Sebaliknya, jika sinyal tidak diterima maka gambar-suara tidak muncul. Dengan
siaran digital, kualitas gambar dan suara yang diterima pemirsa jauh lebih baik
dibandingkan siaran analog, dimana tidak ada lagi gambar yang berbayang atau
segala bentuk noise (bintik-bintik semut) pada monitor TV. Pada era penyiaran
digital, penonton TV tidak hanya menonton program siaran tetapi juga bisa
mendapat fasilitas tambahan seperti EPG (Electronic Program Guide) untuk
mengetahui acara-acara yang telah dan akan ditayangkan kemudian. Dengan siaran
digital, terdapat kemampuan penyediaan layanan interaktif dimana pemirsa dapat
secara langsung memberikan rating terhadap suara program siaran.
Semua negara
telah menetapkan tahun migrasi dari siaran analog ke digital.

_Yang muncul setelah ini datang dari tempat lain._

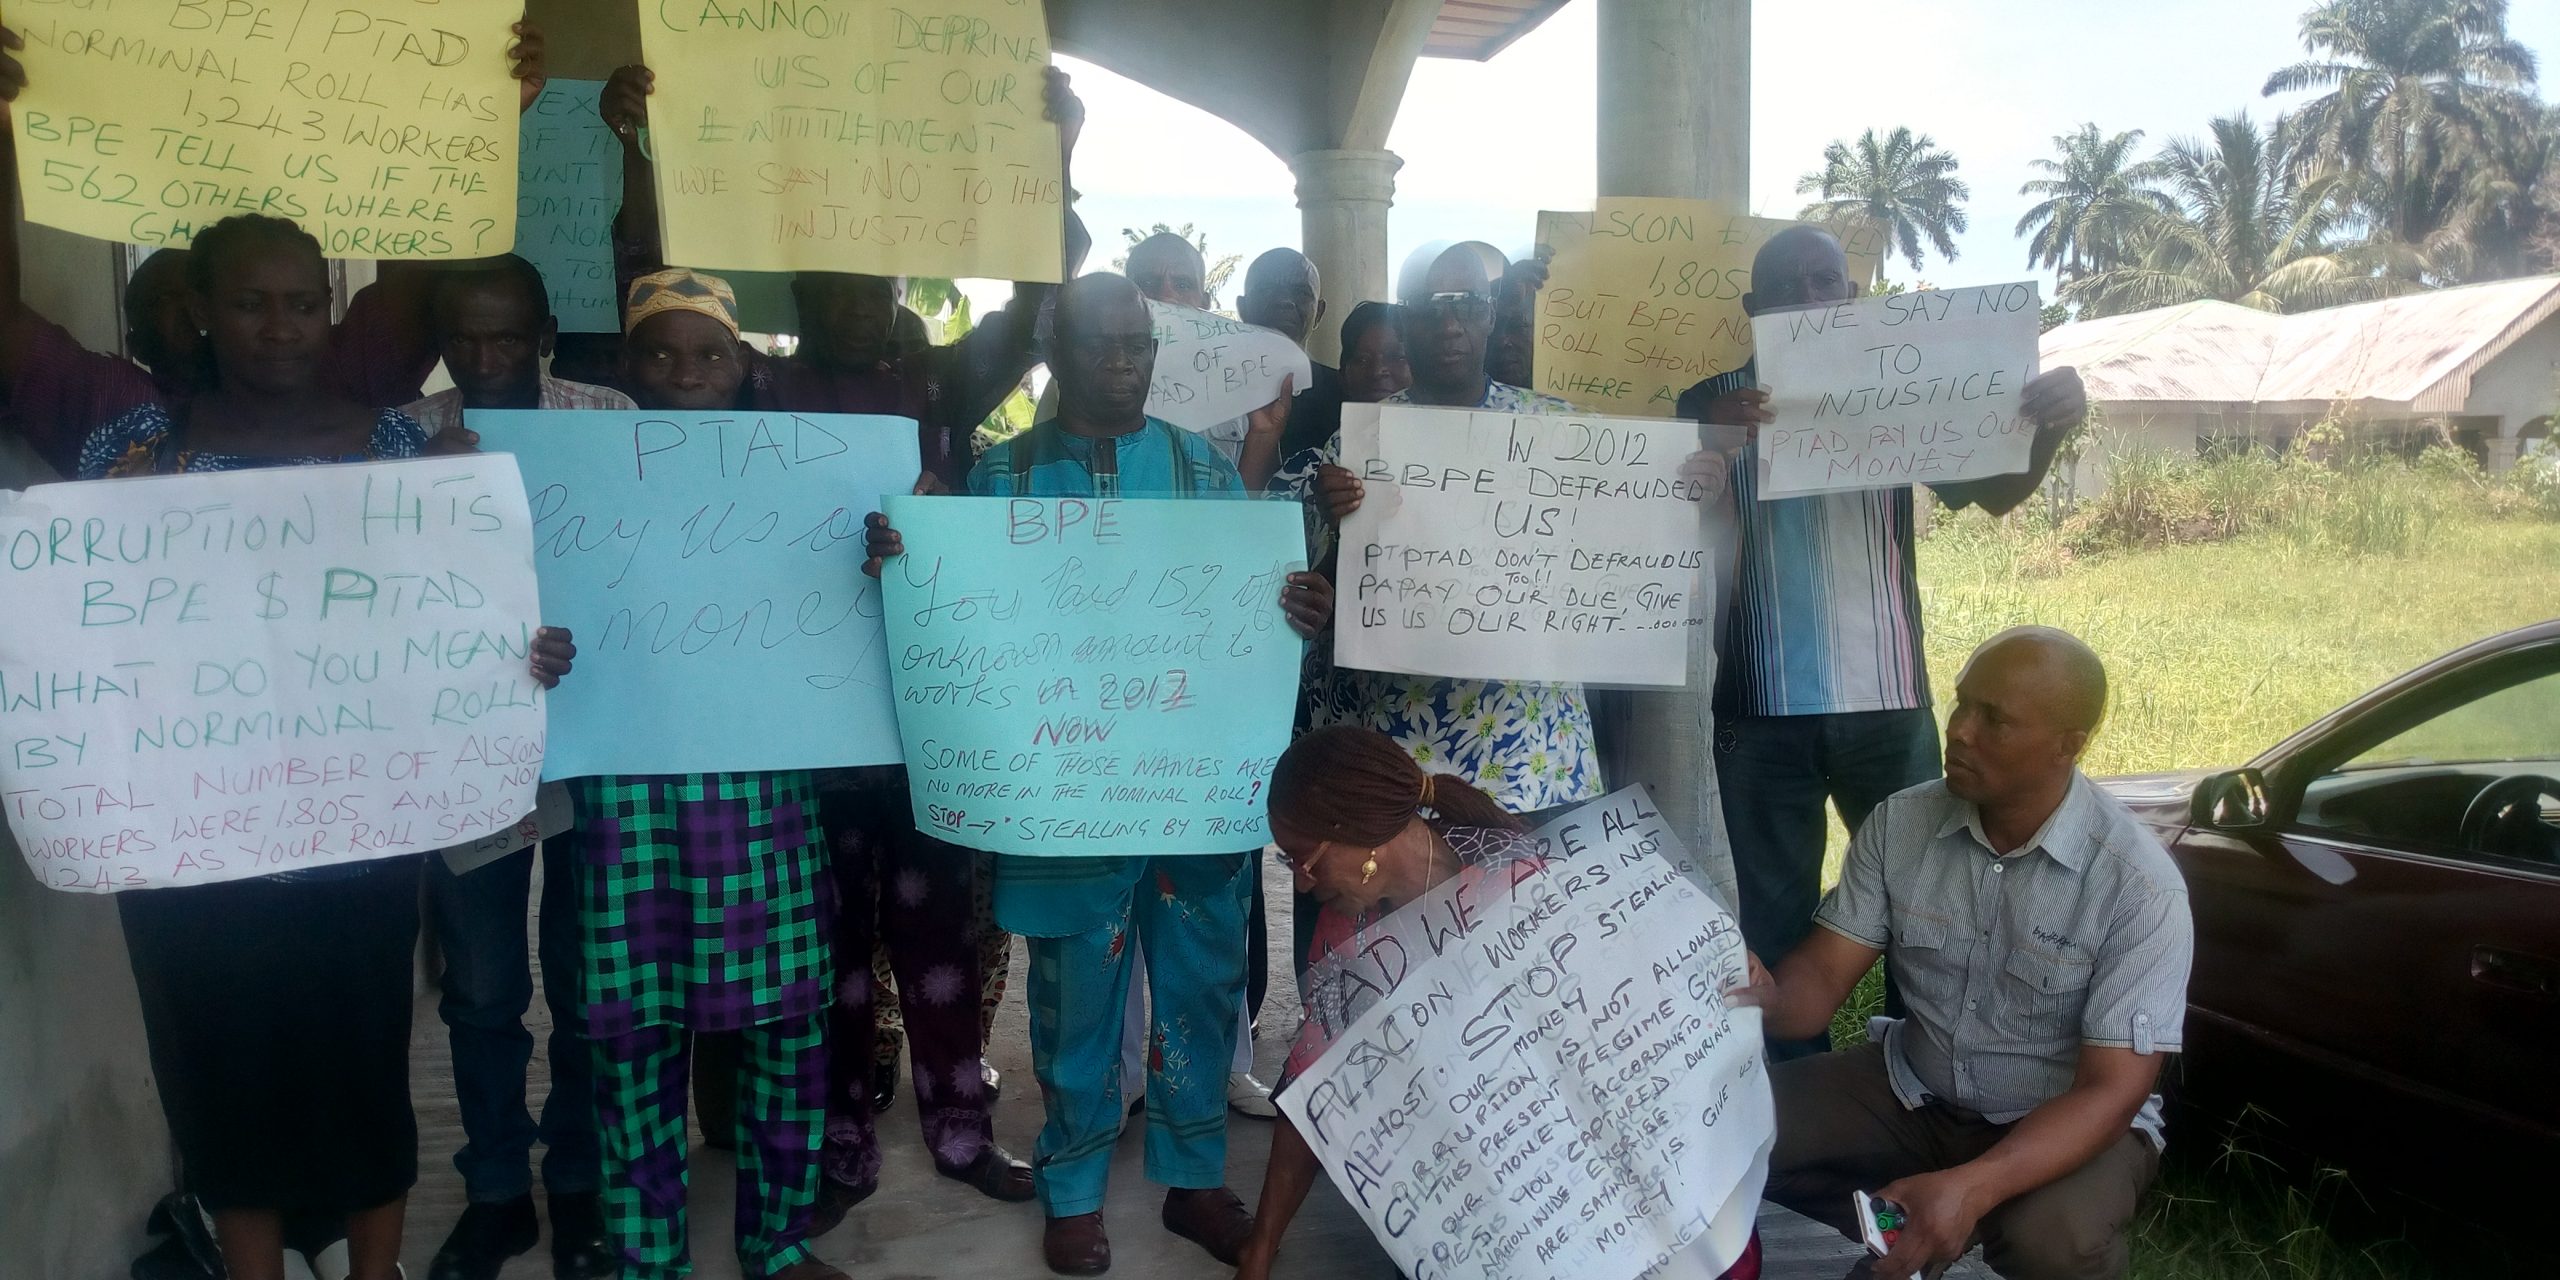 Ex-ALSCON workers protest, threaten to sue BPE, PTAD over severance entitlements

Negara-negara maju di Eropa dan Amerika Serikat bahkan telah
mematikan siaran analog (analog switch-off) dan beralih ke siaran
digital. Pemerintah Indonesia menetapkan bahwa
selambat-lambatnya implementasi penyiaran digital dimulai tahun 2012
dan di tahun-tahun berikutnya di kota-kota besar yang telah bersiaran
digital akan dilakukan analog switch-off. Dalam roadmap implementasi penyiaran
televisi digital, Pemerintah merencanakan bahwa tahun 2018 akan
dilakukan analog switch-off secara nasional. Oleh karena itu, sejak
kini masyarakat dan para pelaku industri agar mempersiapkan
diri untuk melakukan migrasi dari era penyiaran televisi
analog menuju era penyiaran televisi digital. Selain pemerintah,
beberapa pihak telah melakukan persiapan menghadapi migrasi ini. Para pelaku
industri penyiaran, dalam hal ini industri radio dan televisilah yang paling
banyak terlihat melakukan persiapan. Industri penyiaran TV telah melakukan
ujicoba siaran digital melalui pembentukan konsorsium TV digital yang khusus
disiapkan untuk menyesuaikan diri dengan model bisnis TV digital. Ini juga
mengawali satu era dimana Diversity of Ownership telah dapat mulai diposisikan
kembali secara proposional, walau belum optimal. Tidak dipungkiri bahwa sekilas
tampak pemerintahlah yang paling banyak memperoleh digital deviden dari migrasi
ini, yaitu semakin banyaknya alokasi frekuensi yang dapat “dijual” kepada para
pelaku bisnis penyiaran TV. Sementara para pelaku bisnis dari kalangan swasta
seolah harus puas menghadapi ‘digital consequent’-nya,
tanpa bisa berbuat banyak demi menjaga kesempatan untuk tetap berbisnis di
bidang ini. Namun bila lebih jauh dipelajari, sebenarnya proses migrasi ini
dapat memberikan deviden bagi seluruh stakeholder. Hal ini sangat tergantung
dari kesiapan masing-masing pihak dalam menyikapinya. Teknologi siaran digital
menawarkan integrasi dengan layanan interaktif dimana TV digital memiliki
layanan komunikasi dua arah layaknya internet. Siaran televisi digital
terestrial dapat diterima oleh sistem penerimaan televisi tidak bergerak maupun
sistem penerimaan televisi bergerak. Kebutuhan daya pancar televisi digital
yang lebih kecil menyebabkan siaran dapat diterima dengan baik meski alat
penerima siaran bergerak dalam kecepatan tinggi seperti di dalam mobil dan
kereta. TV digital memungkinkan penyiaran saluran dan layanan yang lebih
banyak daripada televisi analog. Penyelenggara siaran dapat menyiarkan program
mereka secara digital dan memberi kesempatan terhadap peluang bisnis
pertelevisian dengan konten yang lebih kreatif, menarik, dan
bervariasi. Siaran menggunakan sistem digital memiliki ketahanan terhadap
gangguan dan mudah untuk diperbaiki kode digitalnya melalui kode koreksi error.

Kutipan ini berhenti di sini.